Johnson & Johnson offers a dividend that yields 2.6% at current prices and that has just been raised by 7%. With the payout ratio not standing at an especially high level, and with further earnings-per-share growth being very likely in the coming years, investors can count on ongoing dividend growth in the mid-to-high single digits. Combined with the dividend yield, this should allow Johnson & Johnson to generate total returns in the 8%-10% range in the long run. Johnson & Johnson is not the highest-yielding income stock by far, but it is a very reliable, low-risk choice that can be very suitable for risk-averse investors.
2: Exxon Mobil
Exxon Mobil (XOM) is a leading oil and gas company that is diversified across production, refining, and marketing. On top of that, the company has a vast chemicals business that provides some additional diversification. In times of low oil prices, Exxon Mobil’s profitability declines. But in the current environment, when energy products are scarce and when inflation is running at multi-decade highs, Exxon Mobil is in a comfortable position where its profits are soaring and where it generates massive cash flows that can be used for shareholder returns. The company has raised its dividend 39 years in a row, which underlines that its management has a clear long-term focus aimed at creating shareholder value over many years.

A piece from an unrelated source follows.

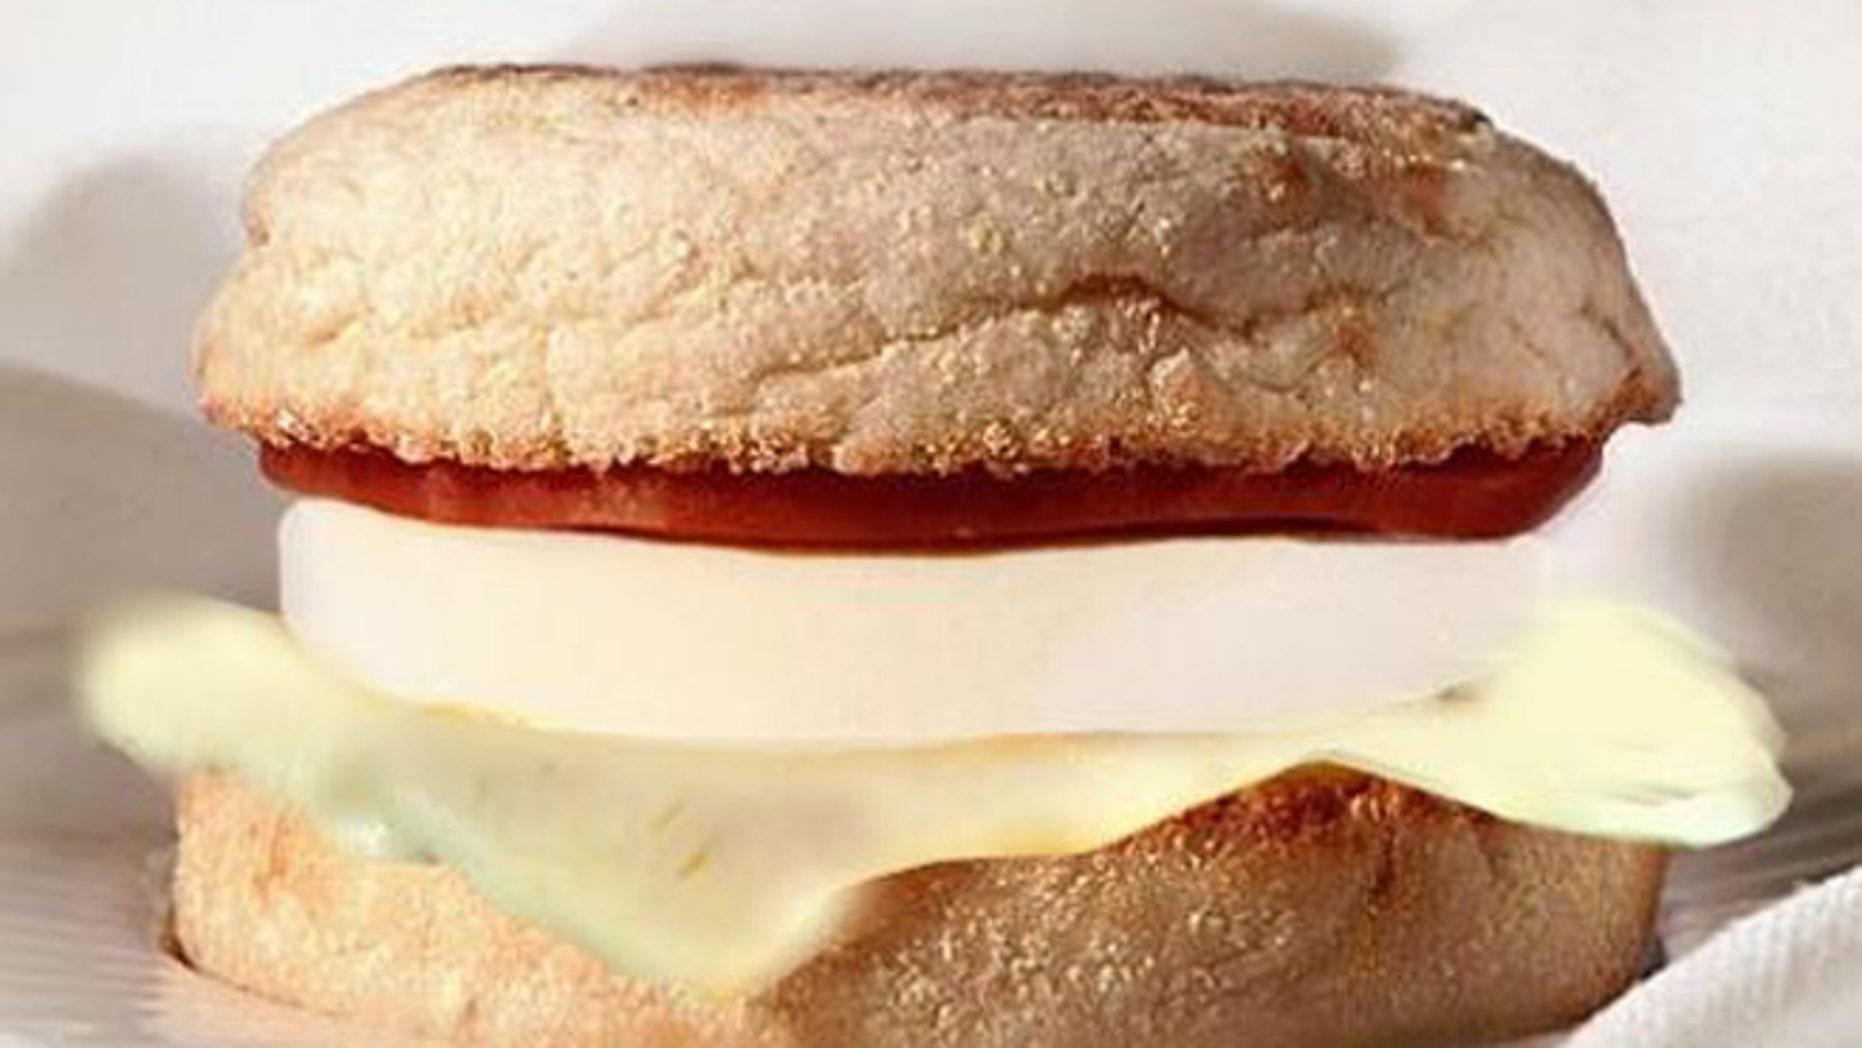 McDonald's popular Egg White Delight.
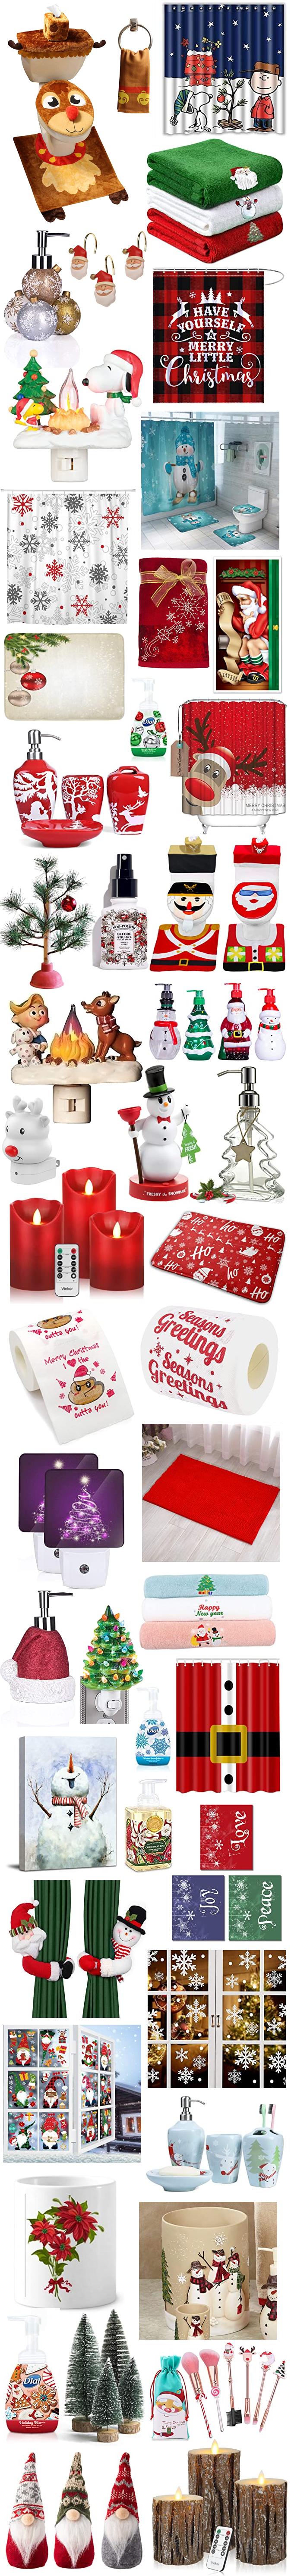 Christmas-Bathroom-Decor

Exxon Mobil is currently trading at only 8.2x forward earnings, which is one of the lowest valuations in many years. On top of that, the recent pullback in its shares has made Exxon Mobil’s dividend yield rise to a pretty nice 4.1%. Since the dividend will take up only around 30% of this year’s profits, investors can expect a meaningful dividend increase later this year. For investors that are more worried about inflation than a recession, Exxon Mobil could be a good pick.
3: Realty Income
Realty Income (O) is a triple-net lease REIT that primarily invests in retail properties. Its tenants include drug stores, post offices, dollar stores, etc. which is why the company is very resilient versus recessions, unlike retail REITs that own malls, where lower consumer spending is a major risk.
Realty Income employs considerable debt to finance some of its property acquisitions, which is why the company is a solid inflation hedge. When inflation is running higher than its cost of debt, which is the case today, debt gets essentially inflated away, thereby creating value for shareholders as the underlying properties become more valuable.
In past recessions, Realty Income has performed very reliably. This includes the pandemic, where Realty Income managed to hit new record profits in both 2020 and 2021, far surpassing most other retail-focused REITs that experienced profitability declines in that time frame.
Realty Income’s strong past performance during good times and bad times and its dividend that yields 4.5% today, combined with a dividend growth track record that spans 26 years, makes the company an attractive low-risk higher-yielding income stock in the REIT space.